The only wrestler I like now is Mask de Smith.

The stuff on TV is for kids, and the real kind is homoerotic in _all_ the wrong ways.


----------



## nobu (Jun 24, 2009)

Satan Q. Jones said:


> The only wrestler I like now is Mask de Smith.
> 
> The stuff on TV is for kids, and the real kind is homoerotic in _all_ the wrong ways.



Killer 7 reference, cool.  the newer has become kinda lame, but the old awa, nwa, wccw, ecw stuff is totally worth looking up, as far as homoerotic goes, well yeah a little bit.


----------



## moonchylde (Jun 24, 2009)

Love the old school, really love the old, old school (Iron Sheik FTW!). Not too big on the newer stuff. I stopped watching right about the time the Undertaker cut off his hair and got a Harley.


----------



## nobu (Jun 24, 2009)

screw iron sheik, gimmie the original sheik vs abdula the butcher any day, old school hardcore mayhem woohoo!


----------



## Rigor Sardonicus (Jun 24, 2009)

nobu said:


> Killer 7 reference, cool.


Thank you.



> the newer has become kinda lame, but the old awa, nwa, wccw, ecw stuff is totally worth looking up, as far as homoerotic goes, well yeah a little bit.


Um. I said the _real_ kind is homoerotic--as in, the kind they have in the Olympics.

I think I liked Sting, the Cat, and the Filthy Animals back when I still watched WCW. Edge and Christian were pretty cool as far as WWF went...and who _didn't_ like The Rock?

But that was before I realized it was just a soap opera for men. I was so naive back then...


----------



## nobu (Jun 24, 2009)

Man i miss wcw, uncle eric was my hero


----------



## Excitement! (Jun 24, 2009)

I can't clown on wrestling. It brought us Hard Gay.


----------



## Whitenoise (Jun 24, 2009)

http://www.youtube.com/watch?v=Vz_I...B7955E04F&playnext=1&playnext_from=PL&index=6

:V .


----------



## Panzermanathod (Jun 24, 2009)

I do have some fondness of it. As of now, mostly from the fact one of my favorite Tekken character's is a wrestler.


----------



## Miles_Rose (Jun 25, 2009)

I'm still watchin' it


----------



## Kanye East (Jun 26, 2009)

I have, from torrents long ago...

Royal Rumble 89

This I still will watch every now and again. Other then that I don't follow it at all.
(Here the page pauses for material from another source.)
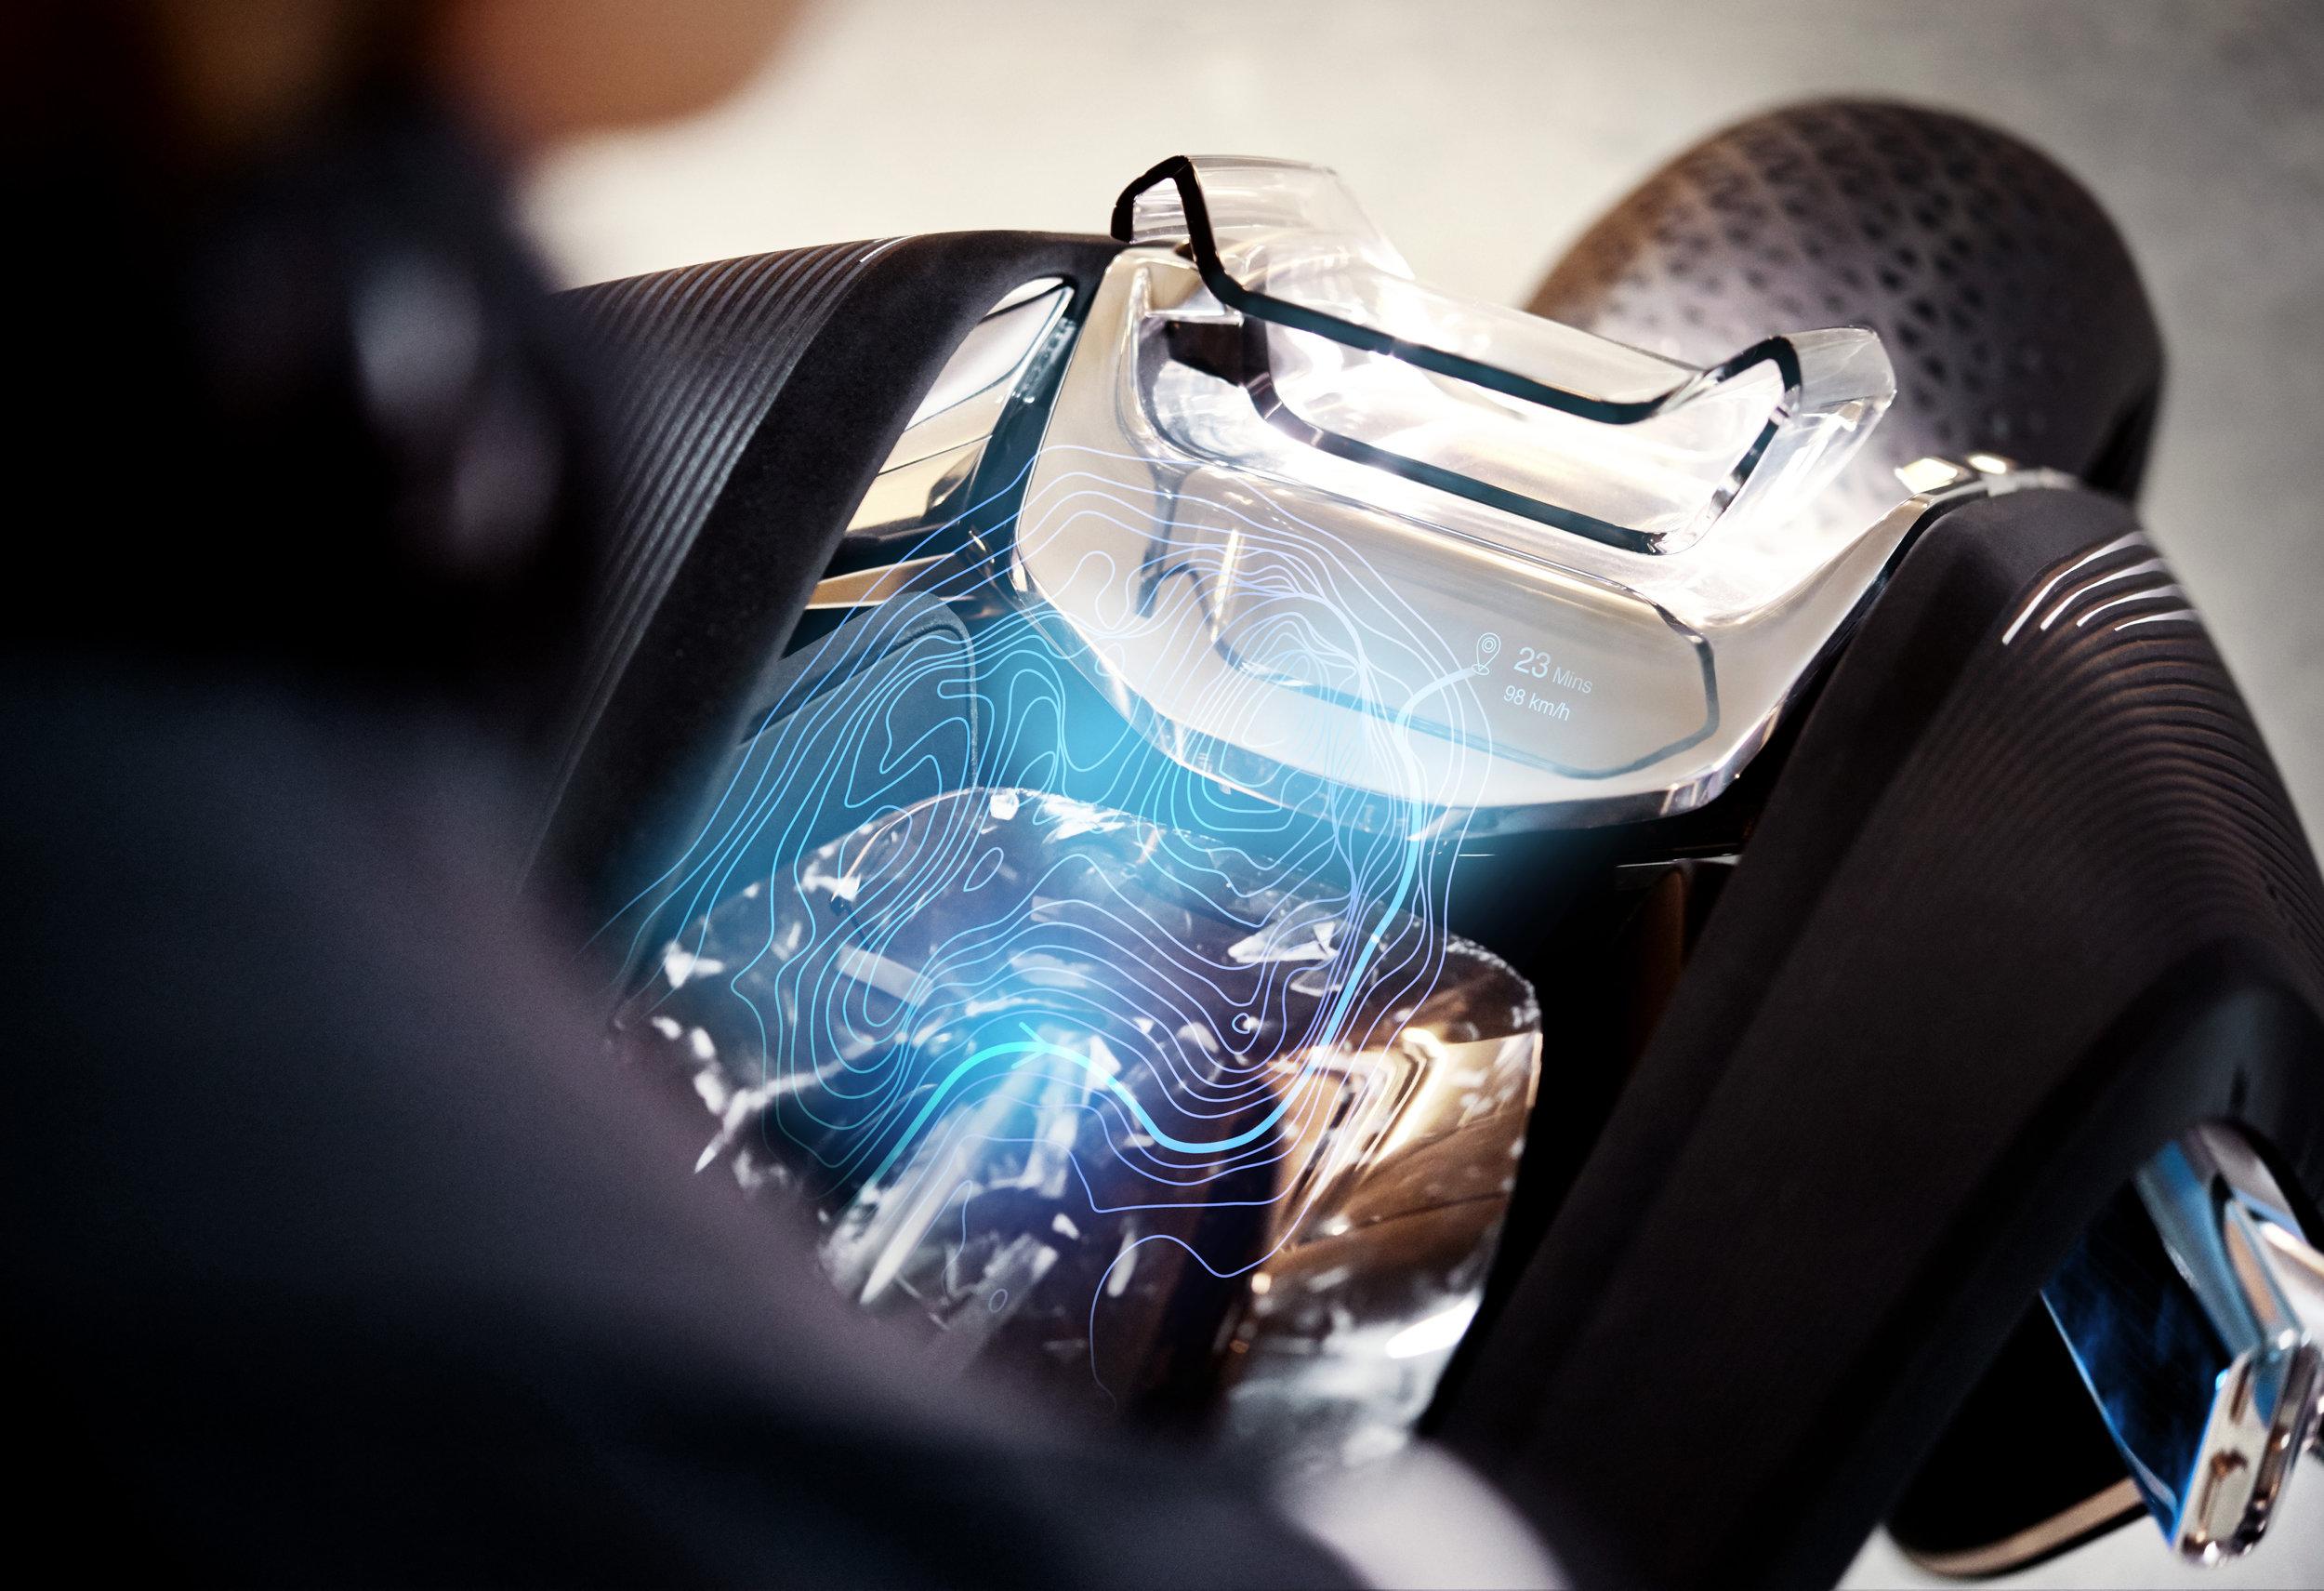 P90238715_highRes_bmw-motorrad-vision-.jpg

p.s. yokozuna and doink are dead ;_;


----------



## ChrisPanda (Jun 28, 2009)

I stoped about 10 years ago as soon as I reailised it was fake.

I soon started to watch boxing now thats a good sport.
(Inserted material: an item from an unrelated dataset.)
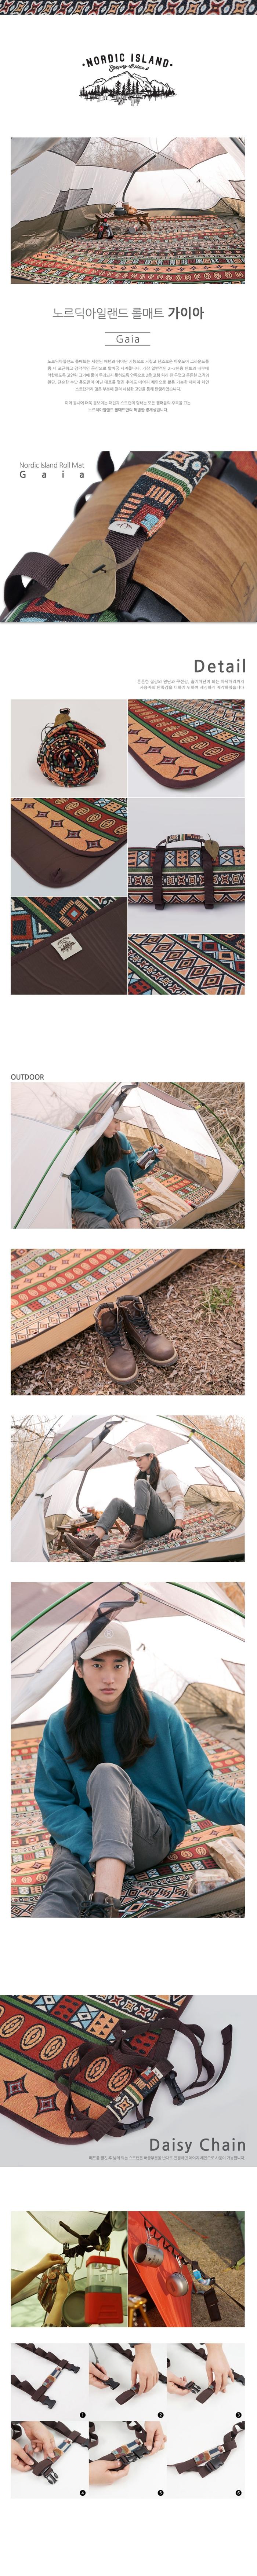 (複製)NORDIC ISLAND | Roll mat防水野餐墊 (Ersa)

But then again i still respect the greatest wtestler ever *HULK HOGAN* "manly grunt"


----------



## the grey fox (Jun 28, 2009)

wrestlings no good, Slamball is were it's at.


----------



## ChrisPanda (Jun 28, 2009)

cage rage isnt bad.


----------



## IWP (Jun 30, 2009)

WWF from the 80s - 1993 rocks! In my opinion, nothing tops Wrestlemania III and the 1987 Survivor Series.


----------



## Dyluck (Jun 30, 2009)

I only like actual wrestling, not that scripted "professional wrestling" crap.

Whitenoise:  That video was pretty fucking awesome. 8)


----------



## Internet Police Chief (Jun 30, 2009)

Whitenoise said:


> http://www.youtube.com/watch?v=Vz_I...B7955E04F&playnext=1&playnext_from=PL&index=6
> 
> :V .



What the fuck did I just watch?


----------



## Wulf (Jun 30, 2009)

Attorney At Lawl said:


> What the fuck did I just watch?


My sentiments exactly. Just too indolent to type them.

Addendum: Nice work with the tail.


----------



## PenningtontheSkunk (Jun 30, 2009)

I watch wrestling. I'm especially a fan of the Undertaker.

Did anyone see Wrestlemania 25? 

That Shawn Michaels and Undertaker fight was phenomenal.

The Undertaker 17-0!!!


----------



## FreakFace (Jun 30, 2009)

Undertaker kicks ass!


----------



## nobu (Jun 30, 2009)

Anything involving HBK or Taker is almost guaranteed gold in my opinion, but Flair was the best of all time.


----------